Il libro di Francesca Serra, La morte ci fa belle, di cui ho parlato qui non è destinato ad esaurirsi nella mia mente. Perché ripeto, apre una serie di spunti interessanti per andare a fondo del problema chiacchieratissimo della morte al femminile, degli uomini che ammazzano le donne. Un problema sviscerato nel libro attraverso una schizofrenica catalogazione della donna/sposa/vecchia/puttana cadavere nella storia dell'arte e della letteratura. Un mito fondatore della cultura odierna. Una cultura asfittica e aggrinzita se privata di quello stesso mito, un basamento/catapulta della cultura del maschio.
Il libro offre una galleria di esempi letterari brevissimi, una bottega di anticaglie tra cui è possibile trovare di tutto e di tutte le epoche, un libro che impone una revisione più distesa dei testi citati, un libro che invoglia e entusiasma a riprendere in mano vecchi libri dimenticati, ricordi più o meno coscienti di letture bambine (I viaggi di Gulliver di Jonathan Swift) cose che non abbiamo letto e che forse non leggeremo mai (Paul e Virginie di Bernardin de Saint-Pierre) cose che assolutamente dobbiamo leggere (Mago sabbiolino di Hoffmann e Lo scarabeo d'oro di Poe) cose curiose (Di diavol vecchia femmina ha natura di Franco Sacchetti) cose che giacciano nel cassetto della nostra formazione e che pensavamo di aver digerito completamente (Decameron di Giovanni Boccaccio). Qui scopriamo che Boccaccio non è l'inventore di storie esemplari del riscatto femminile, ma il regista della più grande delle rappresentazioni ammonitrici per donne capricciose e indisposte ad offrirsi al desiderio maschio.
Ripartiamo da qui. Da Nastaglio degli Onesti.

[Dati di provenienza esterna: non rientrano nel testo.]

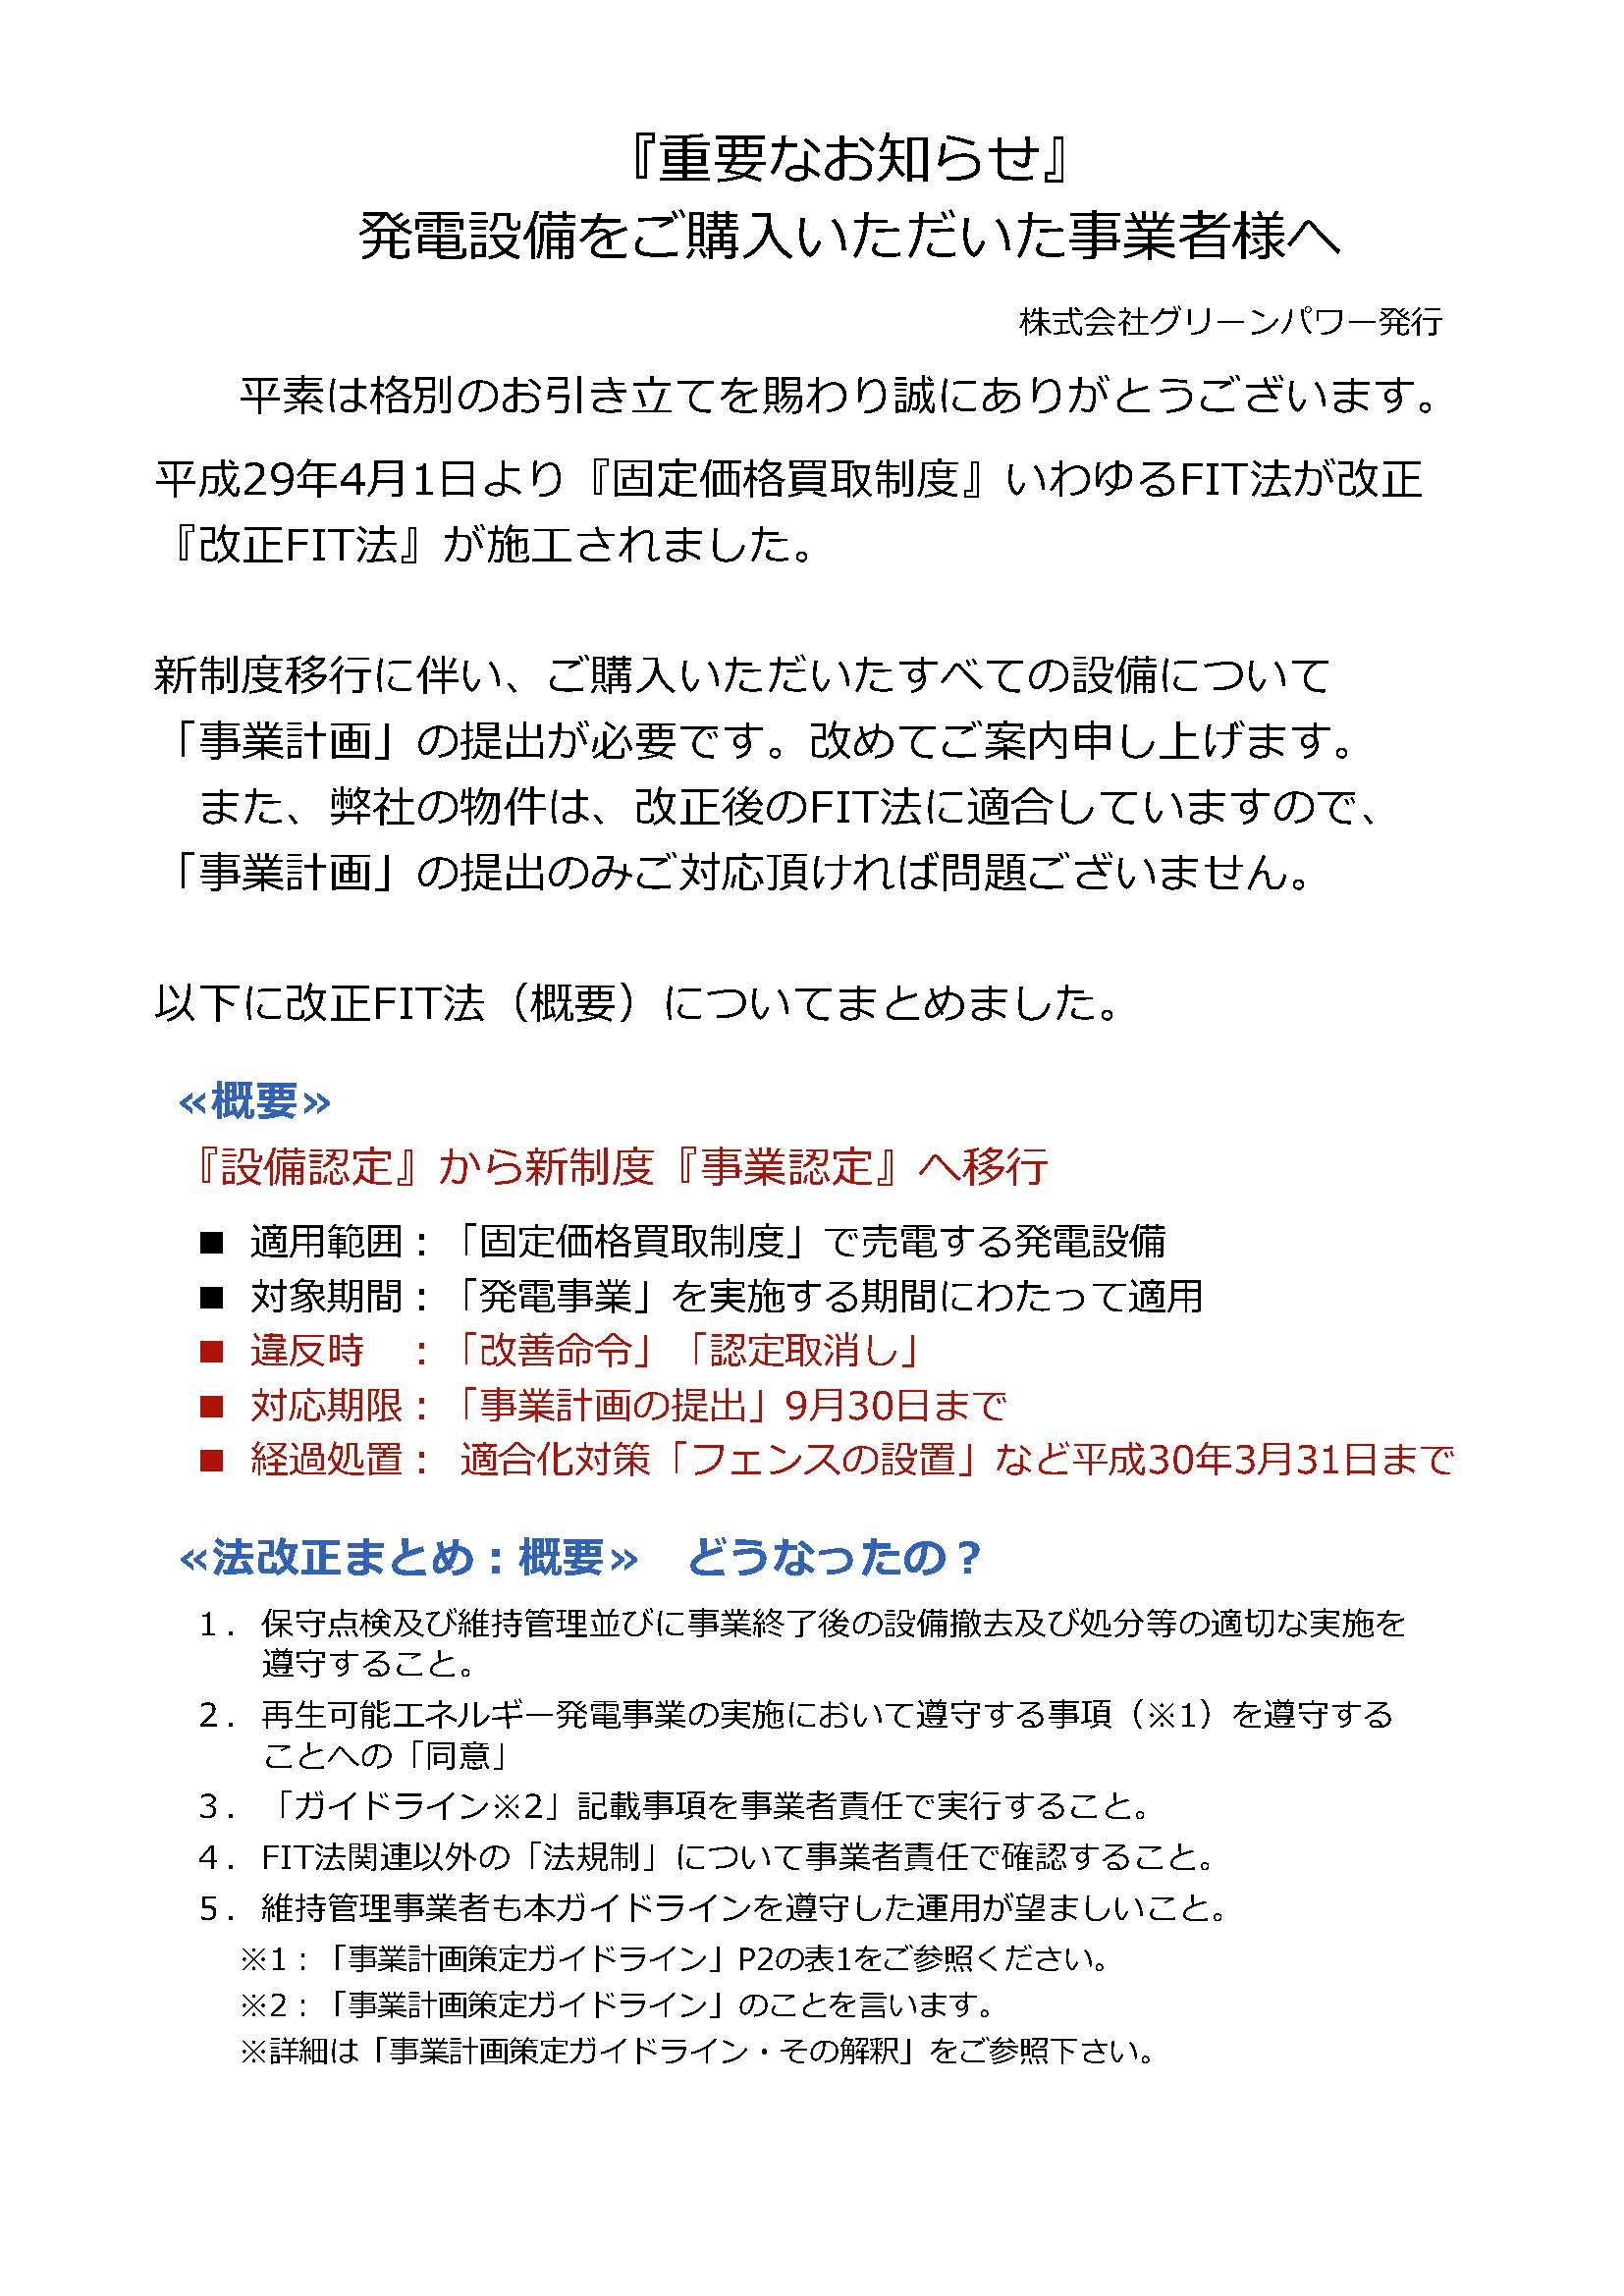 OHIRASE20170512-1 (1)_ページ_1.jpg

Amabili donne, come in noi è la pietà commendata, così ancora in noi è dalla divina giustizia rigidamente la crudeltà vendicata; il che acciò che io vi dimostri e materia vi dea di cacciarla del tutto da voi, mi piace di dirvi una novella non men di compassion piena che dilettevole.
In Ravenna, antichissima città di Romagna, furon già assai nobili e ricchi uomini, tra’ quali un giovane chiamato Nastagio degli Onesti, per la morte del padre di lui e d’un suo zio, senza stima rimase ricchissimo. Il quale, sì come de’ giovani avviene, essendo senza moglie, s’innamorò d’una figliuola di messer Paolo Traversaro, giovane troppo più nobile che esso non era, prendendo speranza con le sue opere di doverla trarre ad amar lui; le quali, quantunque grandissime, belle e laudevoli fossero, non solamente non gli giovavano, anzi pareva che gli nocessero, tanto cruda e dura e salvatica gli si mostrava la giovinetta amata, forse per la sua singular bellezza o per la sua nobiltà sì altiera e disdegnosa divenuta, che né egli né cosa che gli piacesse le piaceva. La qual cosa era tanto a Nastagio gravosa a comportare, che per dolore più volte, dopo molto essersi doluto, gli venne in disidero d’uccidersi. Poi, pur tenendosene, molte volte si mise in cuore di doverla del tutto lasciare stare, o, se potesse, d’averla in odio come ella aveva lui. Ma invano tal proponimento prendeva, per ciò che pareva che quanto più la speranza mancava, tanto più moltiplicasse il suo amore. Perseverando adunque il giovane e nello amare e nello spendere smisuratamente, parve a certi suoi amici e parenti che egli sé e ’l suo avere parimente fosse per consumare; per la qual cosa più volte il pregarono e consigliarono che si dovesse di Ravenna partire e in alcuno altro luogo per alquanto tempo andare a dimorare; per ciò che, così faccendo, scemerebbe l’amore e le spese. Di questo consiglio più volte fece beffe Nastagio; ma pure, essendo da loro sollicitato, non potendo tanto dir di no, disse di farlo; e fatto fare un grande apparecchiamento, come se in Francia o in Ispagna o in alcuno altro luogo lontano andar volesse, montato a cavallo e da suoi molti amici accompagnato di Ravenna uscì e andossene ad un luogo forse tre miglia fuor di Ravenna, che si chiama Chiassi; e quivi, fatti venir padiglioni e trabacche disse a coloro che accompagnato l’aveano che star si volea e che essi a Ravenna se ne tornassono.